USD/INR hit a fresh seven-week high near 96.13 as crude futures surged and 10-year US Treasury yields climbed toward 4.66%.

The Indian rupee weakened sharply against the US dollar on Tuesday, with USD/INR rising to a fresh seven-week high near 96.13. FXStreet attributed the move to surging oil prices and stronger US Treasury yields reducing the appeal of the rupee.

In early trading, the MCX Crude Oil contract expiring July 20 opened about 4.2% higher to around Rs. 7,673, its strongest level in nearly a month. The outlet said currencies in oil-import dependent economies such as India typically underperform when energy prices rise.

Rising bond yields also added pressure, with 10-year US Treasury yields up about 0.3% to near 4.62%, approaching an 18-month high of 4.66%. FXStreet linked the risk sentiment hit to US policy moves around Iran, including the reinstatement of a blockade on Iranian sea ports and a proposed 20% fee on cargo ships using the Strait of Hormuz.

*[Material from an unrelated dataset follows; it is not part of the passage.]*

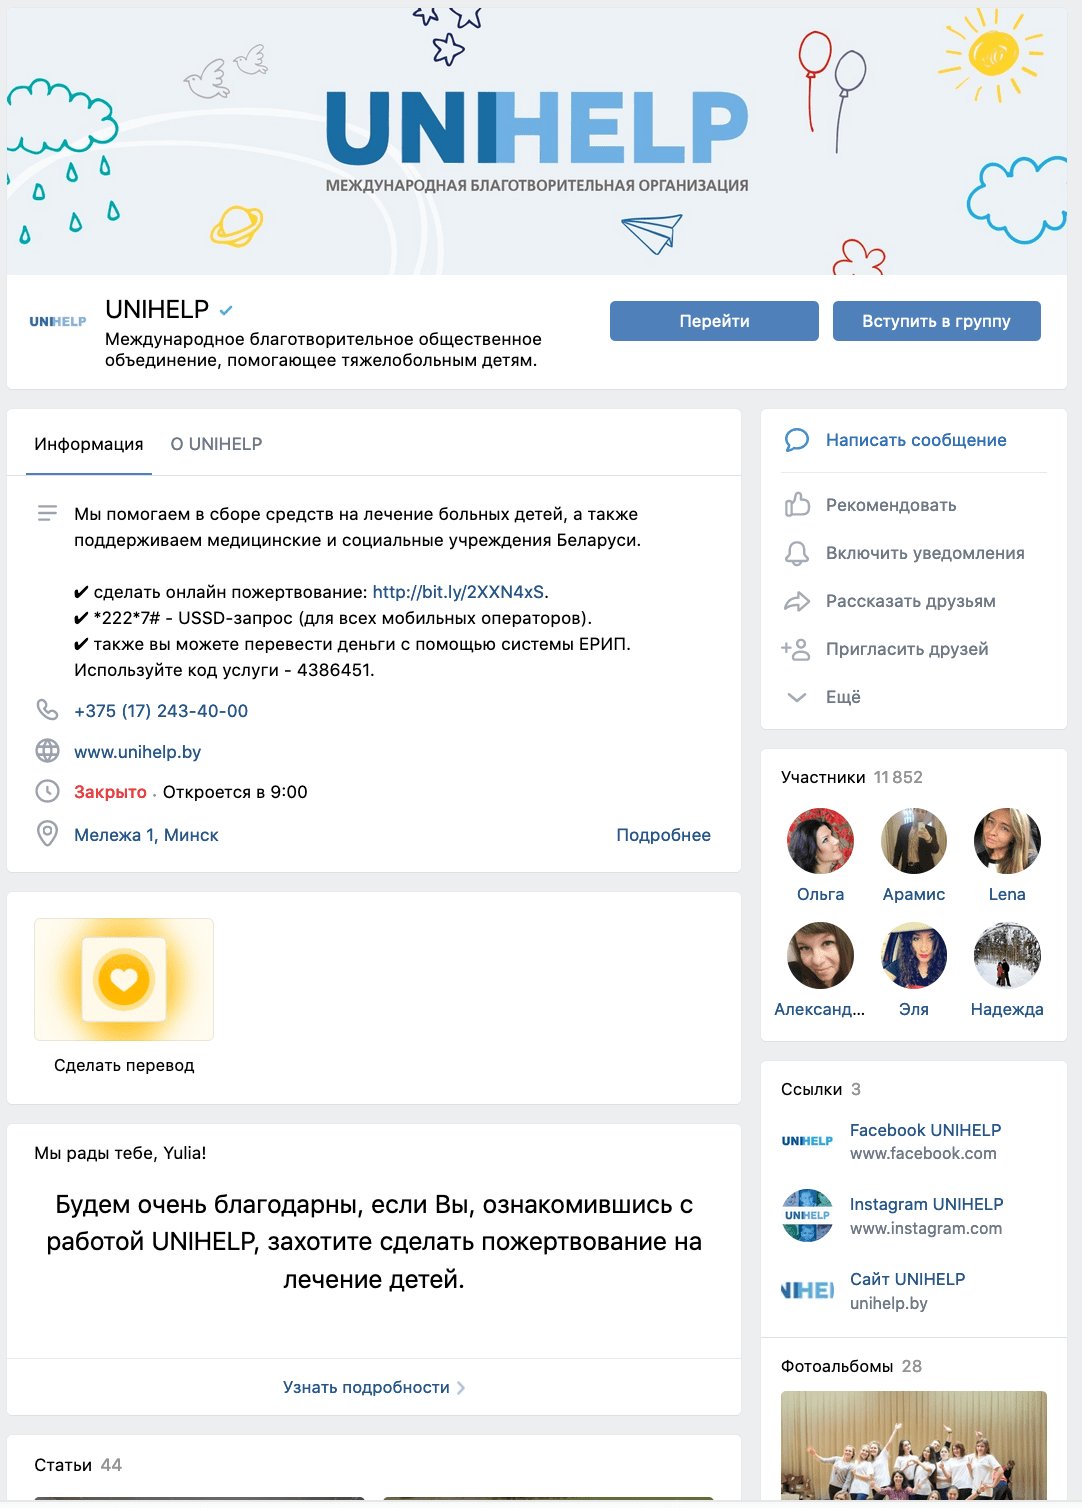 профиль благотворительного фонда в Vkontakte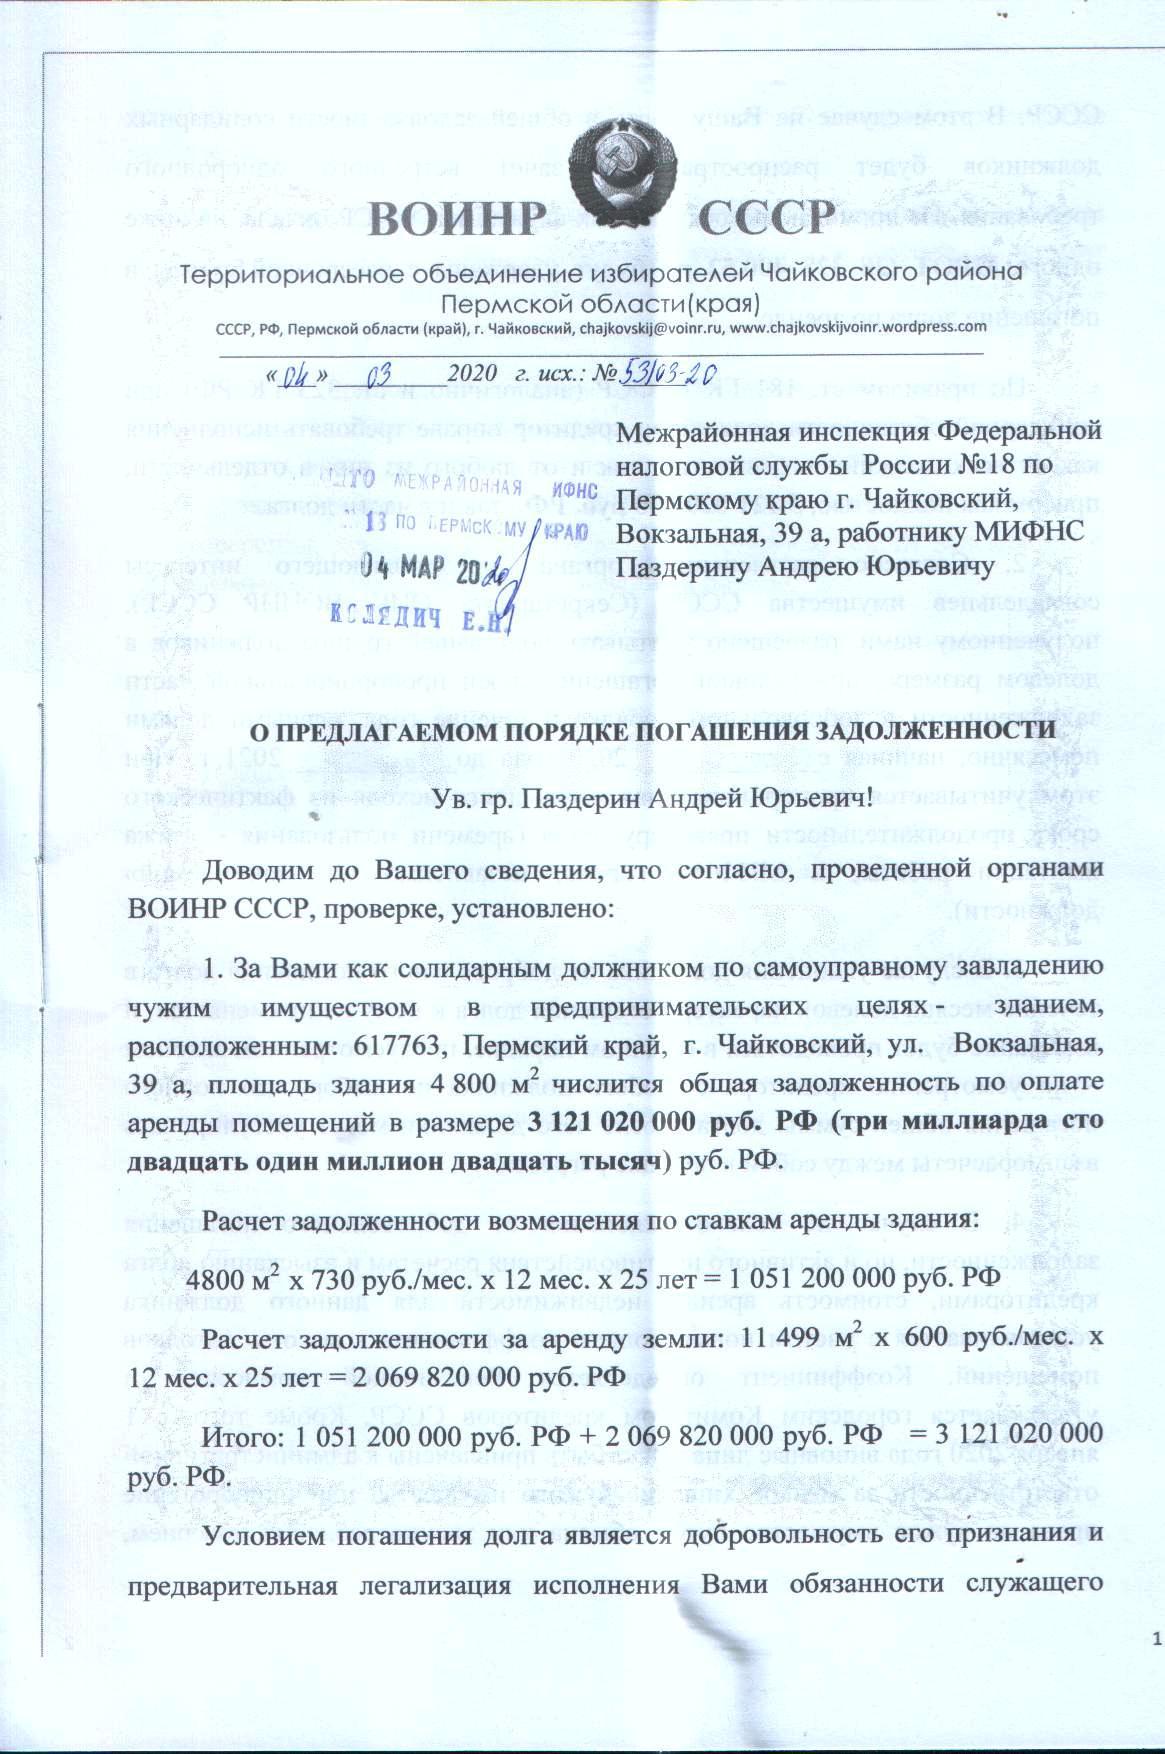 Вручение писем должникам из налоговой инспекции | ВОИНР ...

In addition, investors were watching upcoming US data and policy signals, including June Consumer Price Index and Federal Reserve Chairman Kevin Warsh’s testimony. FXStreet noted Fed Governor Christopher Waller said another hot inflation reading would be treated as “signal, not noise,” and cited market estimates for US headline CPI cooling to 3.8% year over year in June from 4.2% in May.